**ACTIVITY**
If a line below falls between the line with "Django Signals: Surface Overview" and the line with "Board-level employee representation", or is one of those two, output it exactly; output nothing else and no pictures.

**RECORD EXCERPTS**
=== Section Start ===

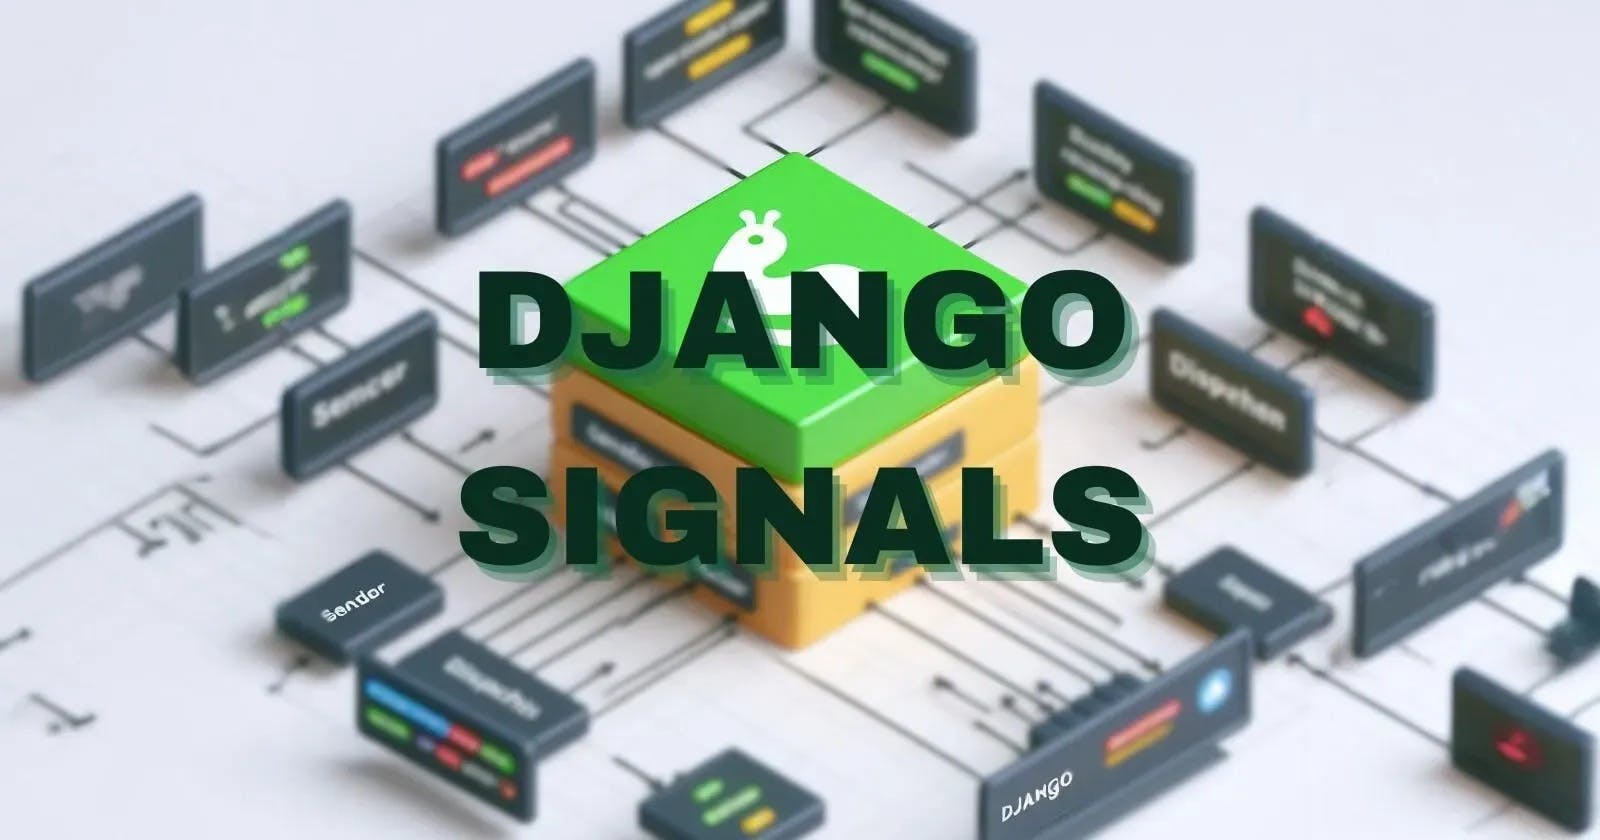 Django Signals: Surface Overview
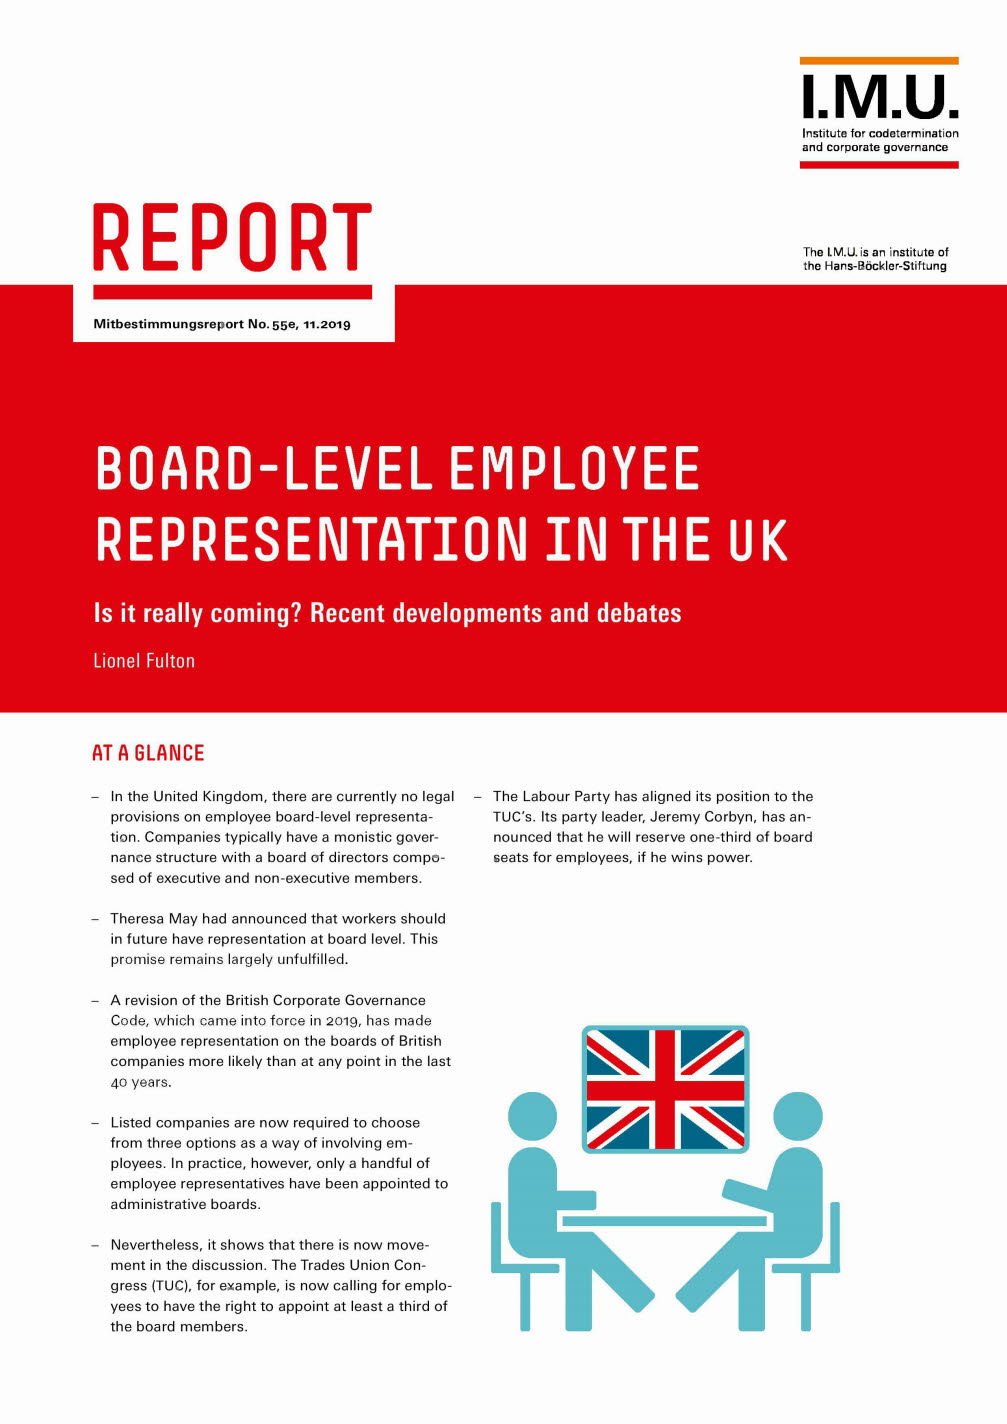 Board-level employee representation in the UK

=== Section End ===
=== Section Start ===

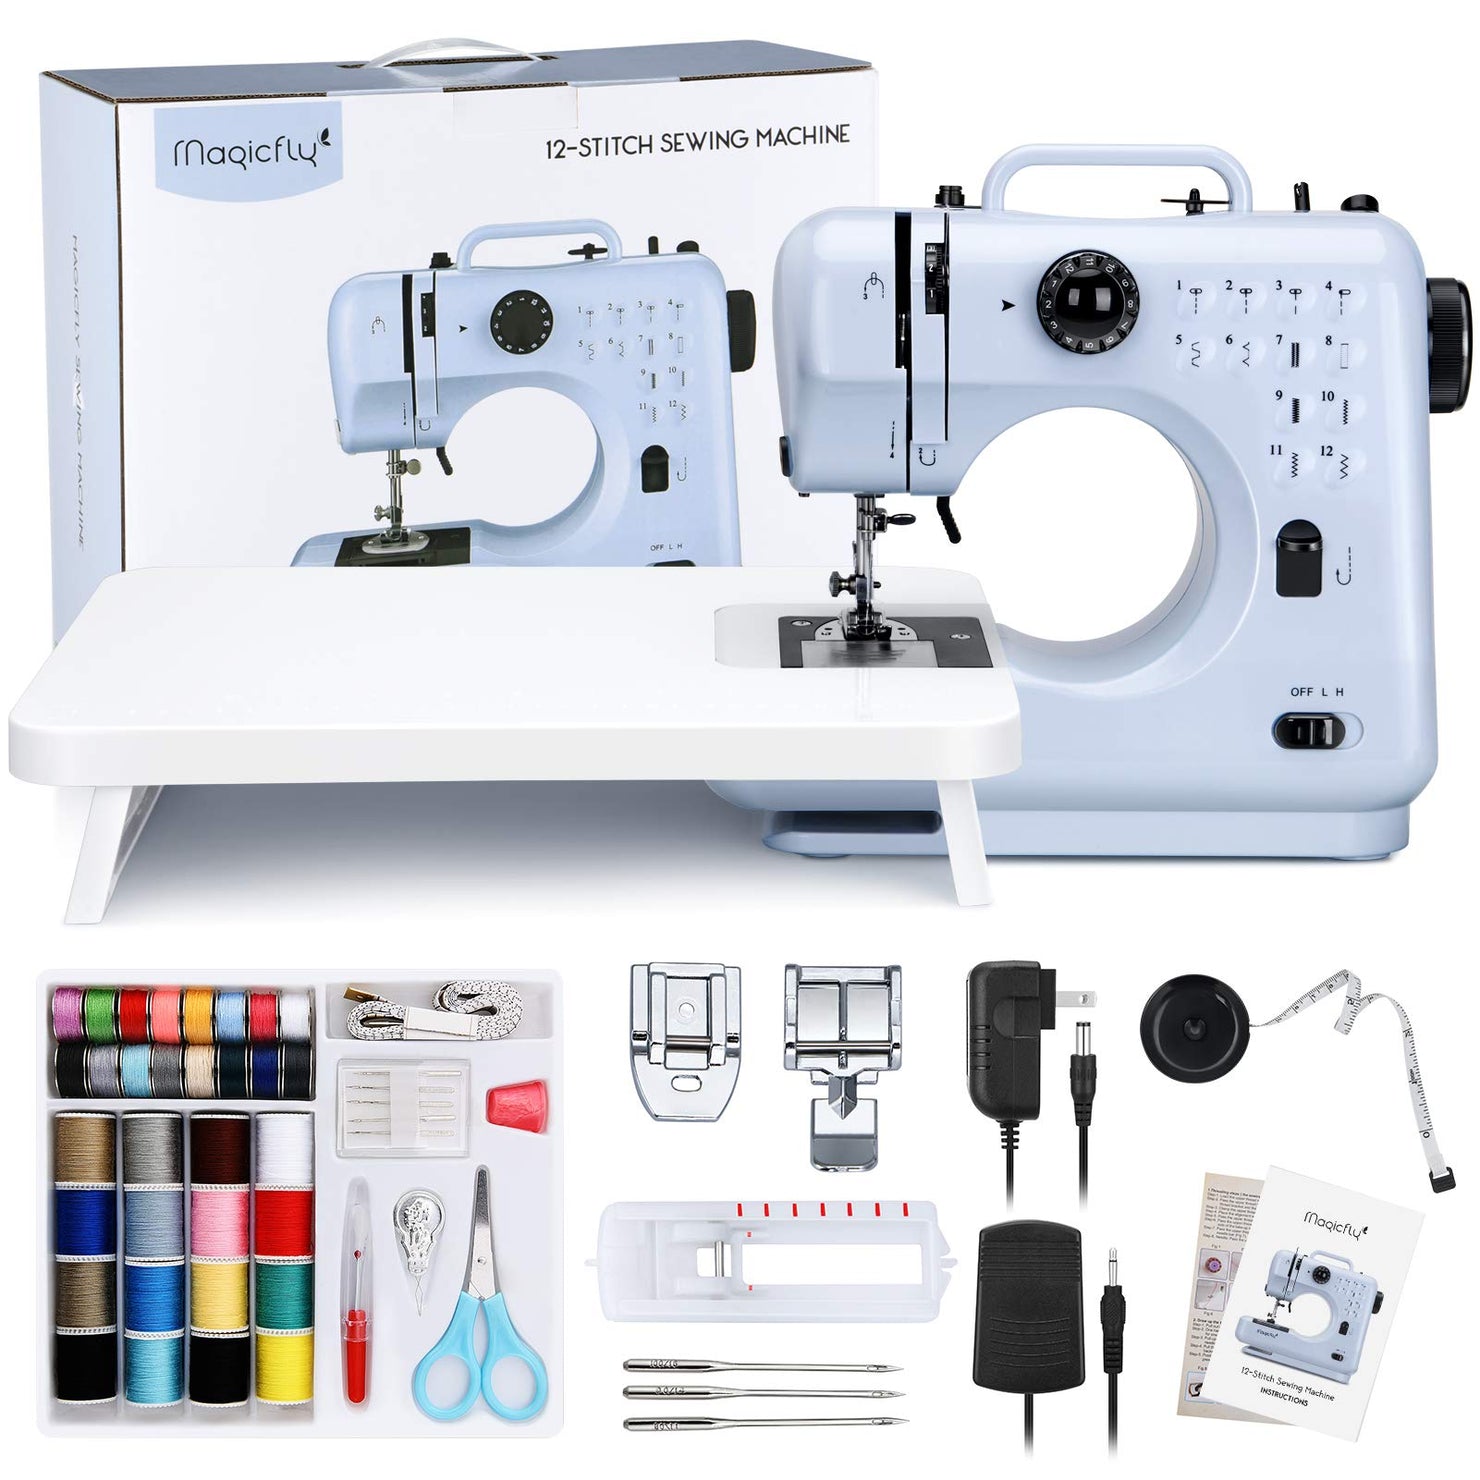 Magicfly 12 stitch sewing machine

=== Section End ===

**EXERCISE OUTPUT**
 Django Signals: Surface Overview
 Board-level employee representation in the UK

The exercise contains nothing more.